Friday, 1 October 2010

Taking stock and an autumn roundup

So, autumn has truly arrived in the muddy isle (aka the United Kingdom), true to form as October 1st dawned, blustery with near-torrential rain. Autumn can be a lovely time, as we all know. Who isn't moved by a bright, crystalline-fresh morning, leaves turning golden, the smell of woodsmoke redolent in the air? Unfortunately, the other side of the coin is the aforementioned weather, and grey, dull and wet days. Yet despite this I always find that come autumn I really yearn to wear perfume. The cooler weather calls for fragrances with more oomph, and a bit of comfort too.
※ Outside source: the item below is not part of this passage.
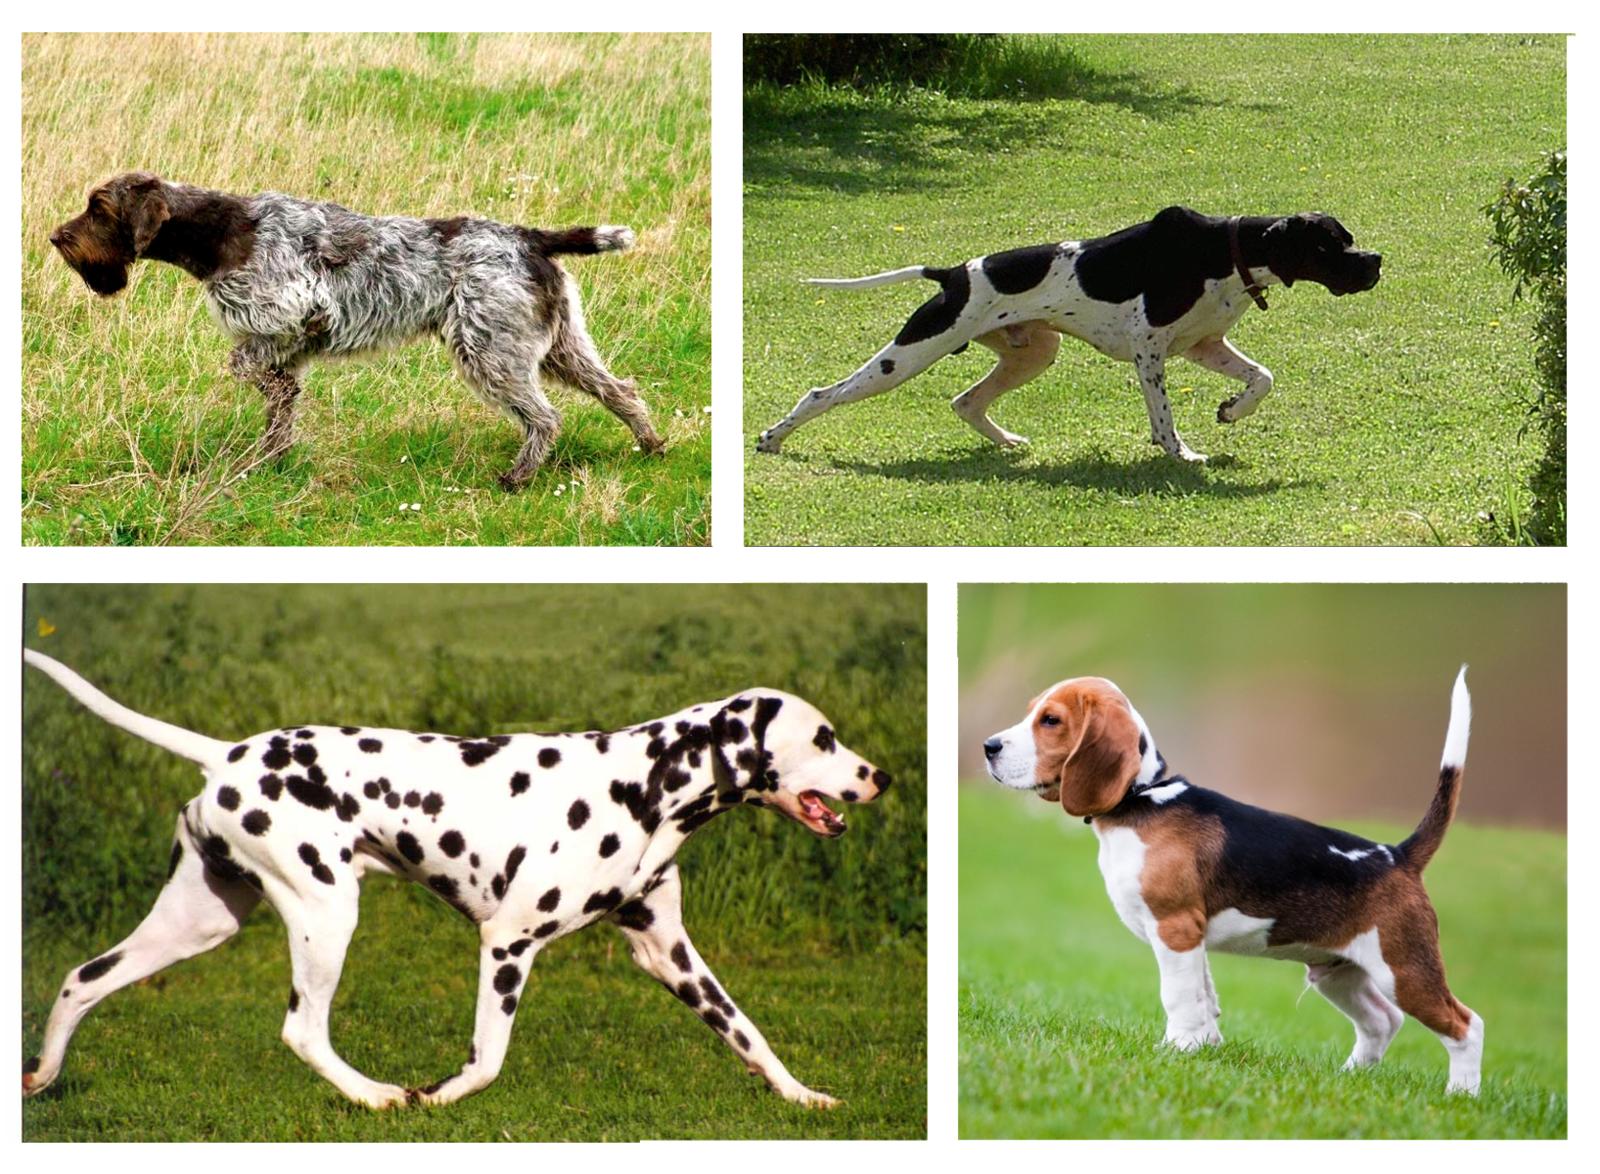 Posiciones de sospecha - comunicación canina

Gone are the fresh citrus colognes, or the sheer woody florals. In their place comes tobacco, amber, vanilla, spice and sweeter woods, which might have been cloying a couple of months ago. And maybe it's just me, but autumn releases seem so much more interesting than a lot of the dreck that comes out in the warmer months, destined to crowd-please. 

Some of you who read my blog more regularly might recall a somewhat melancholy and self-pitying post at the start of August when I mentioned how busy I had been at work, with not enough time to take stock of life and enjoy things that matter most to me, including wearing perfume of course. Two months on and I feel a lot better. Work is still busy, finances are still stretched, but for some reason I feel calmer and more in control. Hopefully this is not just delusion, but reality! I was trying to think back on perfumes I've tried over the summer and early autumn, and what I enjoyed, and didn't. 

There's been very little in mainstream that I've enjoyed. It's hard to keep up with all the celebrity releases anyway. I tried Serge Luten's Bas de Soie, and felt that while it was a sort-of return to form, it isn't totally me. One perfume that did impress me, surprisingly, was Jean Paul Gaultier's Le Male Terrible. The original Le Male was groundbreaking, and still as unique today as it was a decade or more ago. But it was so over-worn that it became cliched, probably a bit like Polo was in the US in the eighties, perhaps. Terrible is in the same vein as Le Male, but has some skankiness in it, with a bit of smoke and incense (at least to my nose). It is rather compelling and I'd urge you to approach it with a fresh and open mind - it might surprise you. I also tried Gucci Guilty the other day, and while not exactly a revelation, it is a rather well done floriental, better than a lot of similar releases over the last few years.

Moving onto niche, most of what I've tried has been older stuff that I haven't got round to before. I did try Andy Tauer's Orange Star, which I really enjoyed. The big rave was L'artisan's Nuit de Tubereuse. I've tried it once but it's hard to form a strong opinion. I liked that it wasn't an obvious, big, screechy tuberose, but  I couldn't quite get my head around it. I tried Mona di Orio's Cuir, which was a leather slap upside the head. Not for the faint-hearted. I also tried Amouage's Library fragrance Opus 2, labelled a fougere but not to me. It's great by the way. I haven't tried 1 and 3.

What about imminent releases (or just-released)? Well, I'm looking forward to trying the new Amouage Memoir Man and Woman. I know some people lament how many perfumes Amouage churns out these days, but they can do little wrong for me. I'm also curious to try the Vero  Profumo eau de parfumes (the extraits are way too expensive for me).

Going off topic a little, one sample I ordered recently that I wasn't expecting to like for some reason, but blew me away, is Costamor's Tabacca. It's a gorgeous tobacco fragrance, not too sweet, fairly sedate, but extremely well executed. And what disappointed me the most? I think it might be Heeley's Sel Marin. I was expecting something a bit like Sel de Vetiver, I guess because of the 'sel' in both titles. In the end Sel Marin smells like Hermes' Un Jardin apres la mousson, which is not my favourite. It's a bit brackish and totally not what I hoped it would be.

To end, what I really can't wait for is the annual release of the Serge Lutens non-export Paris exclusive, set to come out towards the end of this year. This year it is Cuir Mauresque. I've only ever smelled this one as a wax sample, which is not the same thing of course, but it was excellent.


  1. Thanks for that handy little roundup, Michael. I've yet to try Bas De Soie, but you may have noticed that I recently put up a review of Vero Profumo's new EDPs. I've also got a post on Memoir in the pipeline.

    As for the autumn, I agree that there's a lot to love about the season, apart from the rain... and it isn't even the rain per se that irritates me, but its consequences: you can't leave the house without tons of paraphernalia, you can't sit outside to have a coffee etc etc. Still, it's a good excuse to have lots of comforting incense burning in the house during the evenings!

  2. Thanks Persolaise. I did read your review of the Vero Profumos, which in conjunction with seeing them advertised on Luckyscent has reminded me to give them a go. These days I'm also quite excited by what is coming out of the US by small artisan outfits, such as Sonomo Scent Studio, DSH and Neil Morris, to name a few. I wish there was a similar movement in the UK (perhaps there is and I;m just not aware of it).